Starting with the entire input space X, CART attempts to find a binary partition to increase the response purity in the subspaces formed by the partition. The partition is defined as a hyperplane perpendicular to one of the coordinate axes of X. The purity of the resulting subspaces depends on the homogeneity of the response classes. Several criteria are available to facilitate selection of the binary splits, depending on whether y_η′ is a categorical or continuous response (Breiman et al., 1984). Binary partitioning is repeated in each new subspace until subspace response homogeneity is achieved. The maximal tree is usually overfitted and algorithms are used to constrain the overfitting by pruning the tree to its best generalization size. The prediction for a particular subspace is the majority vote (for classification if y_η′ is categorical) or the average (for regression if y_η′ is continuous) of training responses in that subspace.

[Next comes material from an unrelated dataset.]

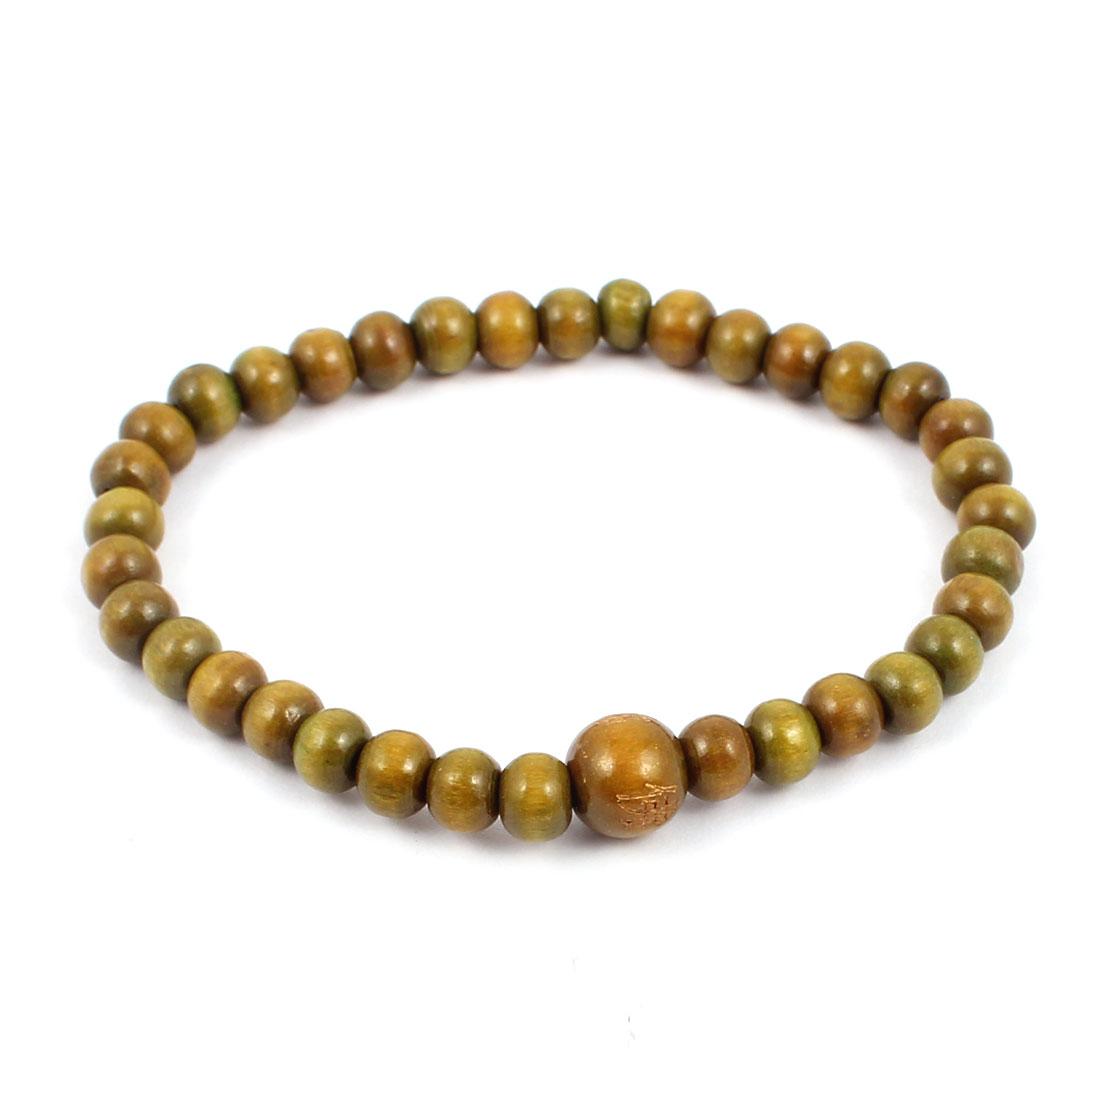 Unisex Wood Elastic Wrist Buddha Pray Beaded Bangle Bracelet Green

In this study, y_η′ was a continuous response variable and thus, a regression tree within the CART modeling approach was implemented using the ‘Decision Tree’ method in the ‘Partition’ modeling option in the JMP Pro statistical package (v11.2, SAS Institute, Cary, NC, USA). Given that the response variable y was a continuous response, binary partition was based on maximizing the LogWorth statistic:

L o g W o r t h = - l o g_{10} (P - v a l u e), (7)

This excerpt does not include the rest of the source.